The Kruger National Park was first established as a means to protect the wildlife from poaching in 1926. Ever since, the park has grown and flourished into one of the largest parks in Africa, stretching into Zimbabwe and Mozambique.
The abundant wildlife in the park consists of over 114 reptiles, 507 birds and 147 mammals. Due to the size of the park, there is such a diversity in the plant life, that it can be split into four separate regions.
Thorn trees and red bush-willow veld area displays vast areas of Acacias dotted along the river, and are surrounded by succulent Marula trees Elephants are rumoured to feed on the fermenting fruit and reach a level of intoxication.
The knob-thorn and marula veld area south of the Olifants River is main grazing lands for the local wildlife due to its abundance of red and buffalo grasses.
The red bush-willow and mopane veld area is home to the beautiful and indigenous Mopane tree and the red bush-willow tree.
The shrub mopane area covers most of the north-eastern part of the park. It is a lush region covered by the gorgeous mopane tree.
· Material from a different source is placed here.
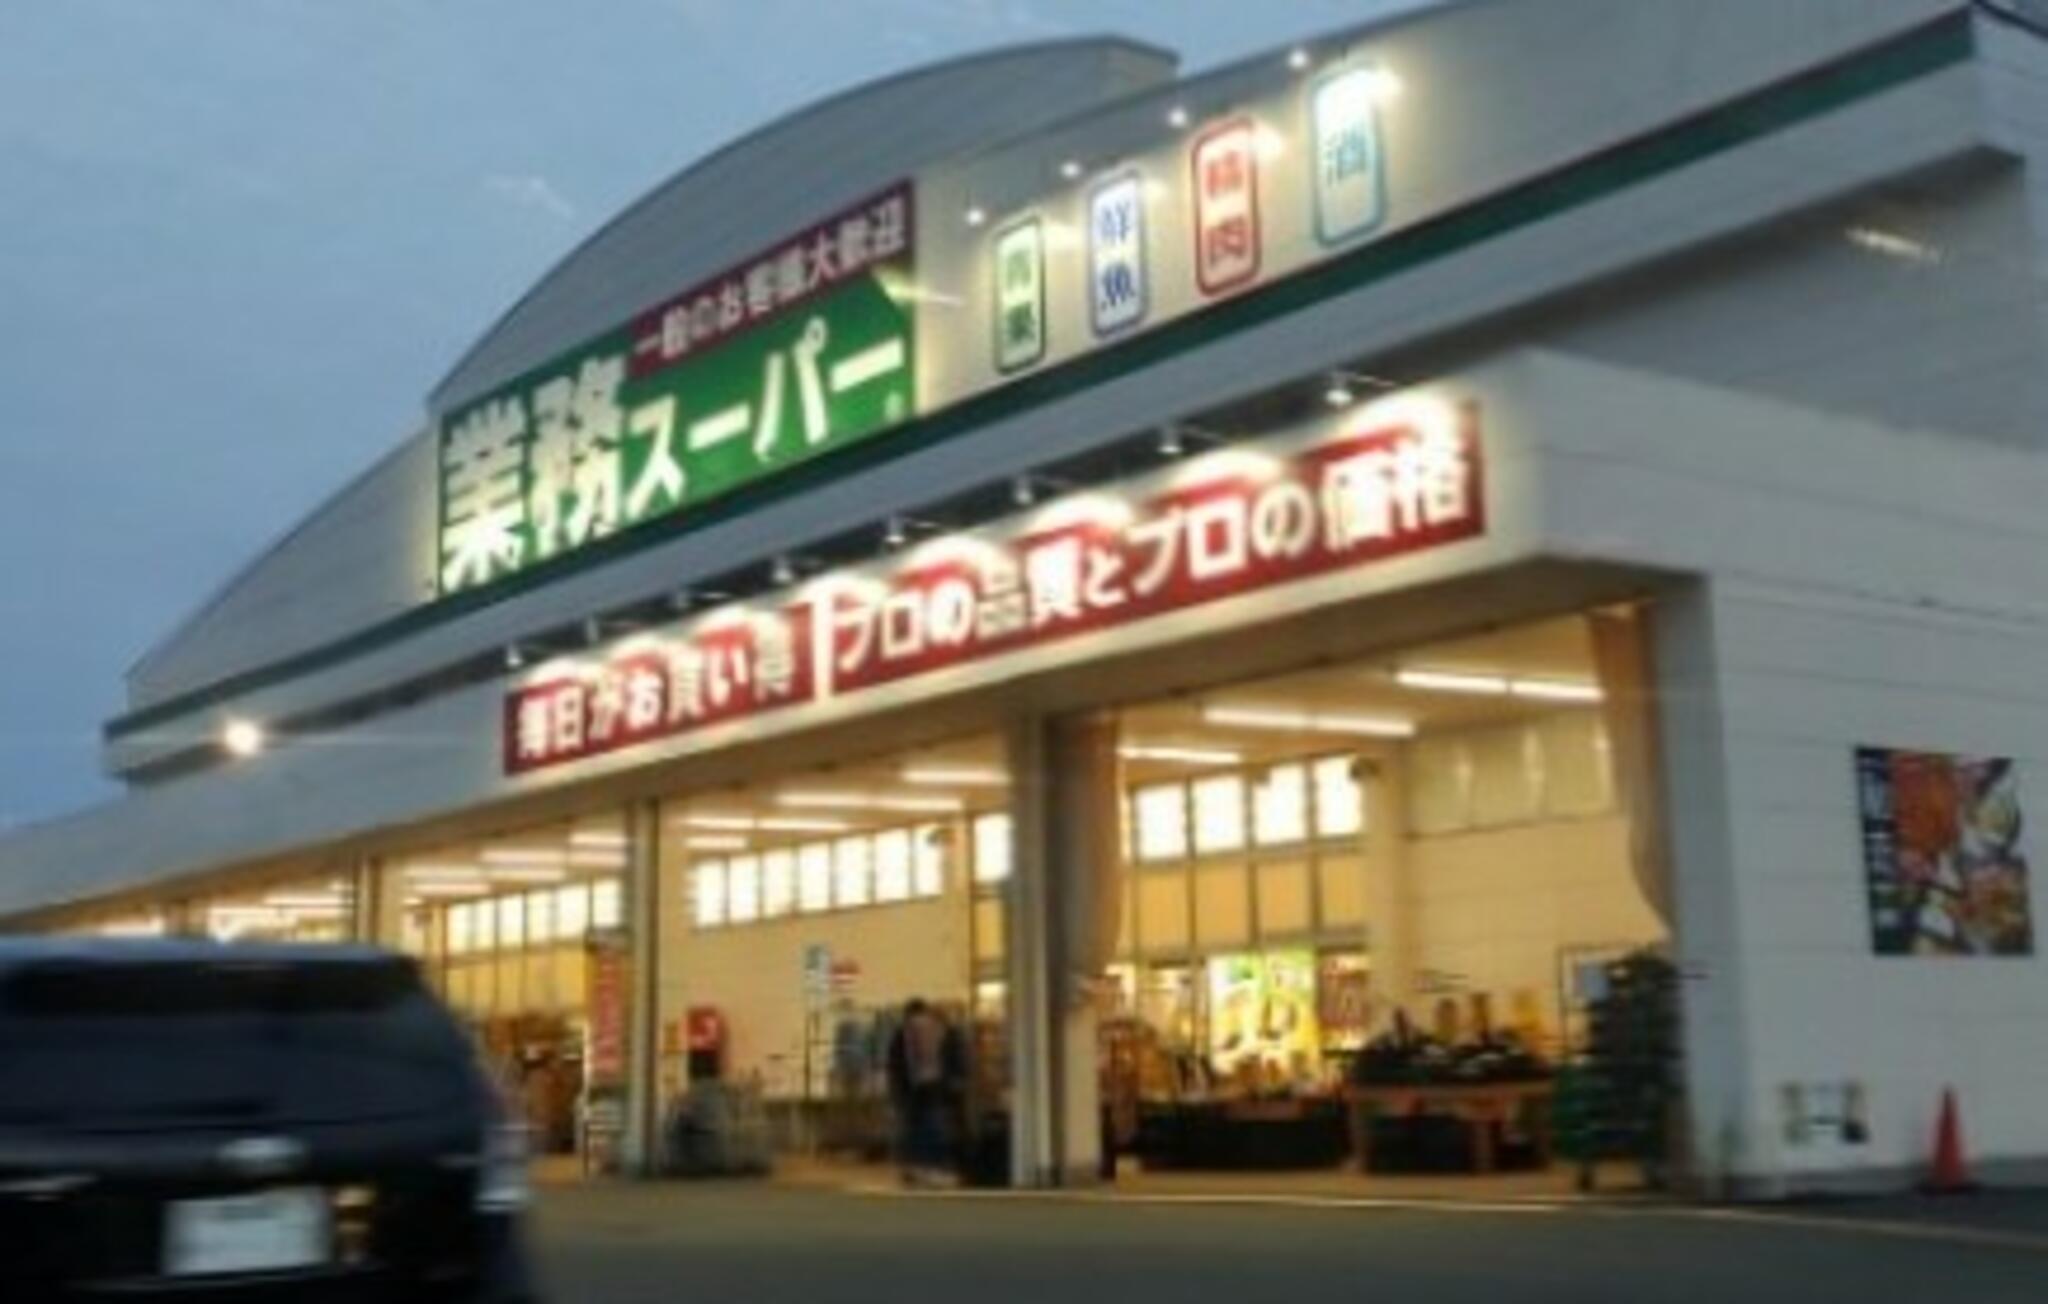 業務スーパー 宮崎大塚店の代表写真8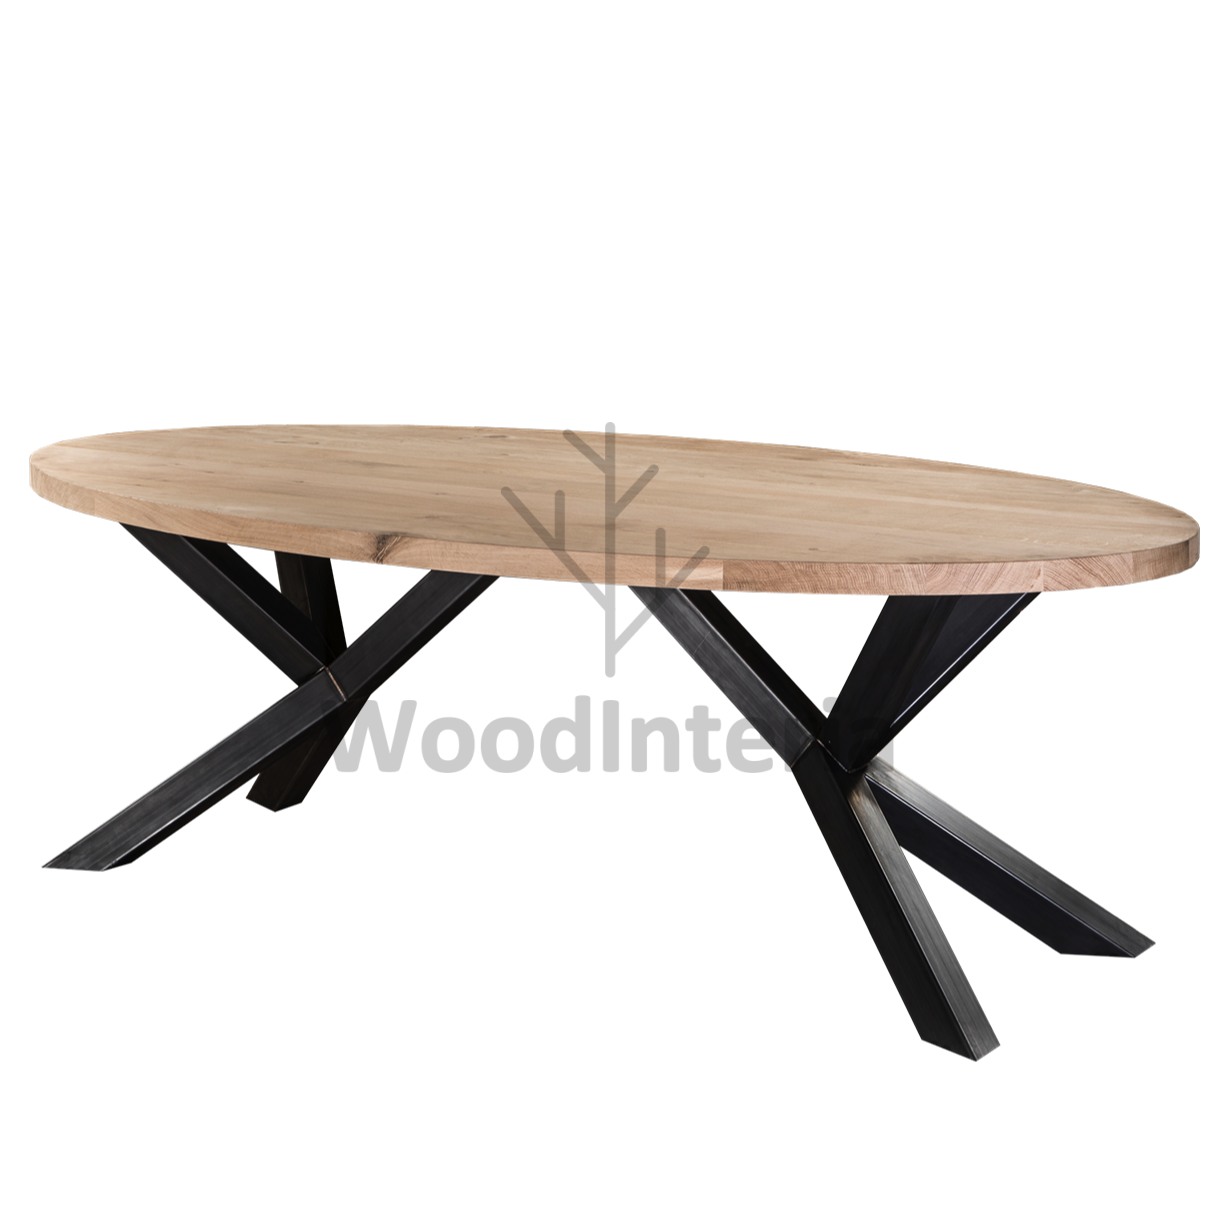 фото обеденный стол double top hedgehog ovaal dinning в стиле лофт эко | WoodInteria

There is an endless range of activities available to those venturing to this subtropical paradise, from exploring the rugged 4×4 trails to teeing off on the top class golf course. There are luxurious accommodations and the ultimate in Big 5 safaris. Visiting during the dry winter periods of September and October offers a larger chance to get the most out of your safari experience, as vegetation is more sparse and animals are drawn to the waterholes to drink every morning and evening.